*** Opening Information provided ***

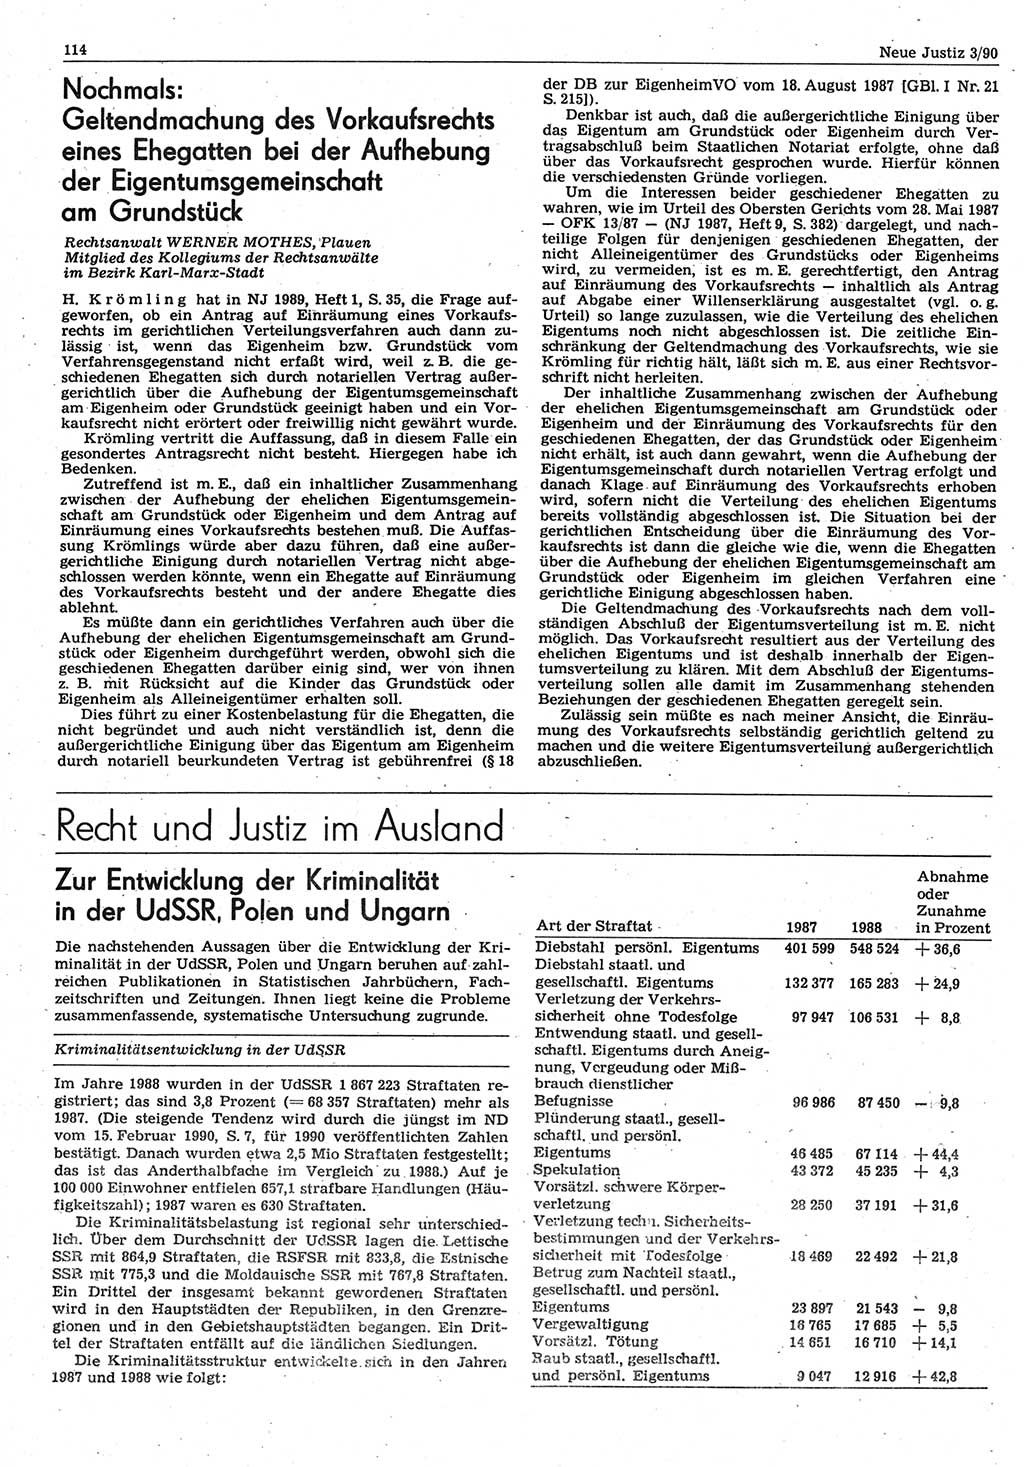 Neue Justiz (NJ), Zeitschrift für Rechtsetzung und Rechtsanwendung [Deutsche Demokratische Republik (DDR)], 44. Jahrgang 1990, Seite 114 (NJ DDR 1990, S. 114)
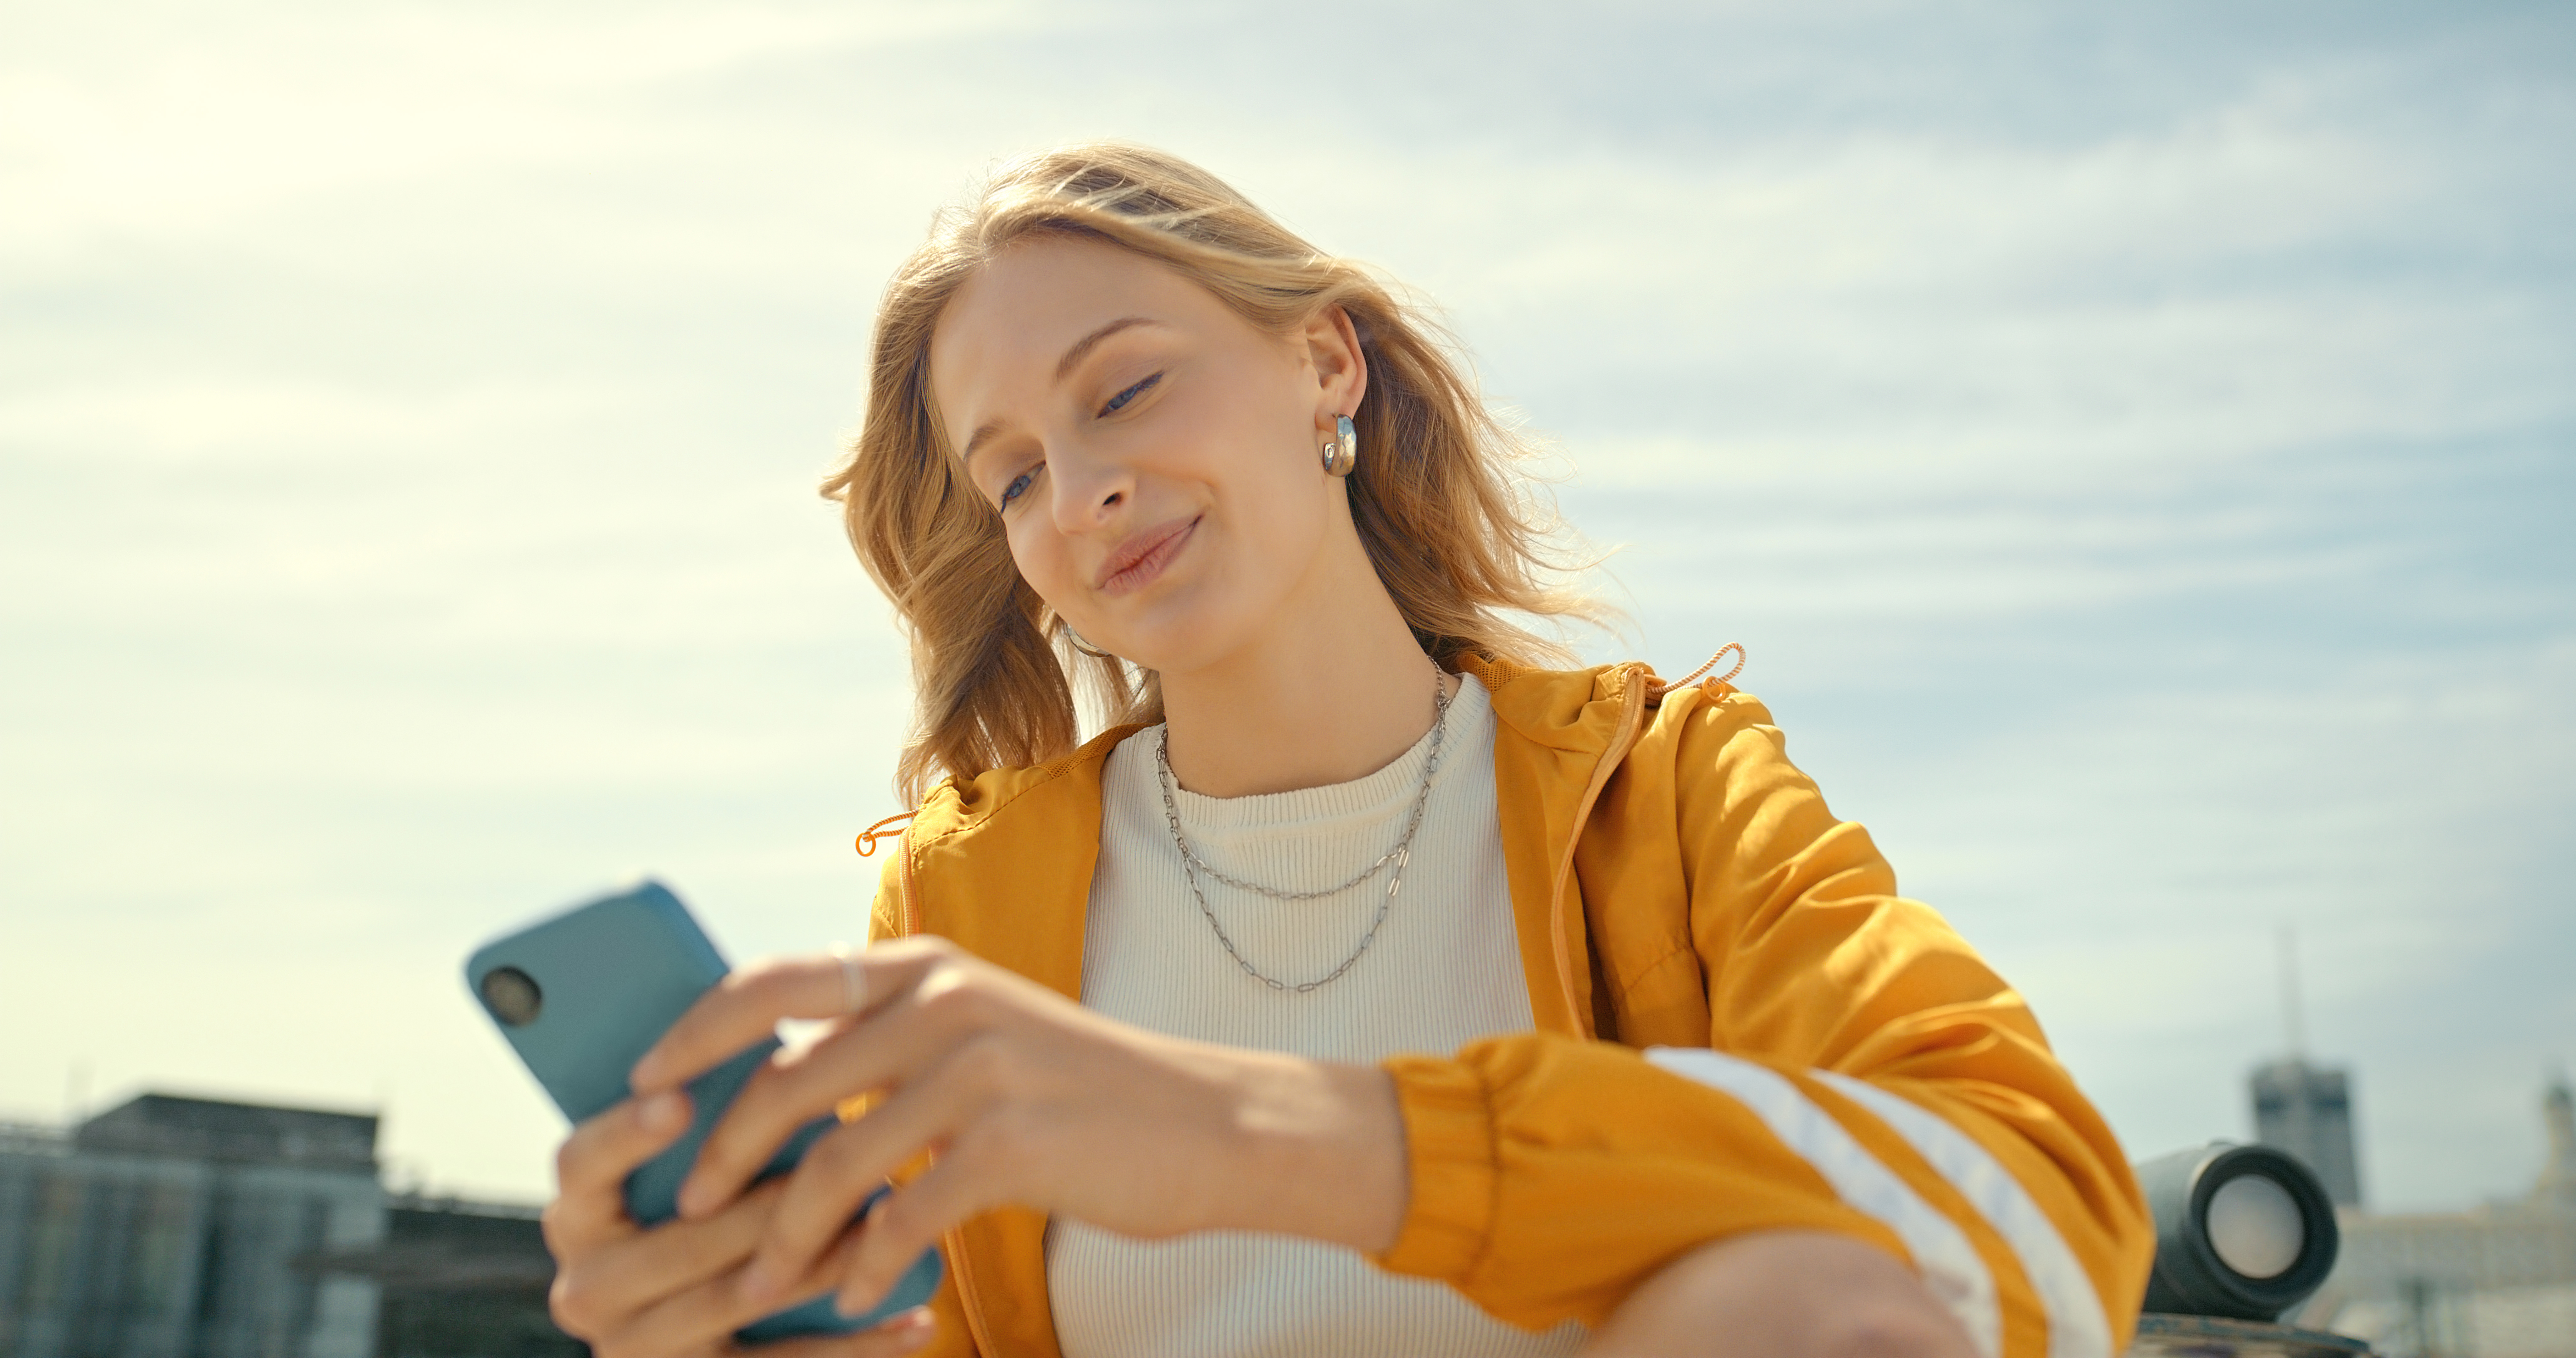 Teléfono, ciudad y mujer de moda en aplicación móvil, chateando o enviando mensajes de texto. | Foto: Getty Images
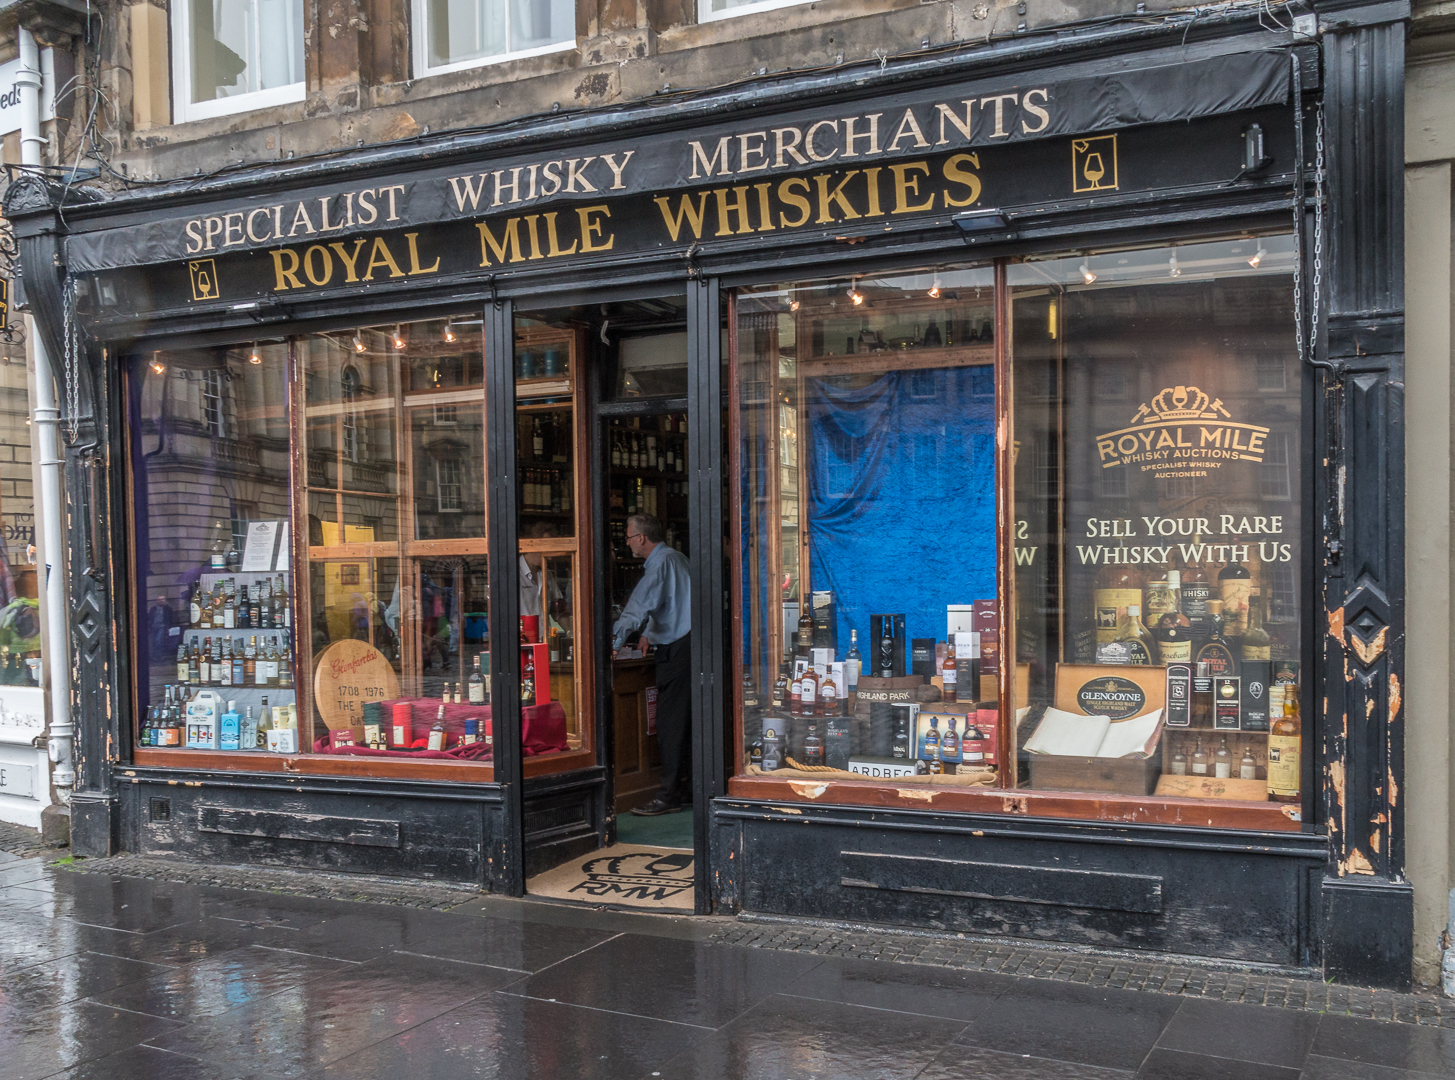 Royal Mile Whiskies

*** Closing Information provided ***

**Try it**: Could you retype exactly, and only, the lines running from the one with "Teléfono, ciudad y" to the last line of the listing, while leaving any pictures out?

**Finished task**:
 Teléfono, ciudad y mujer de moda en aplicación móvil, chateando o enviando mensajes de texto. | Foto: Getty Images
 Royal Mile Whiskies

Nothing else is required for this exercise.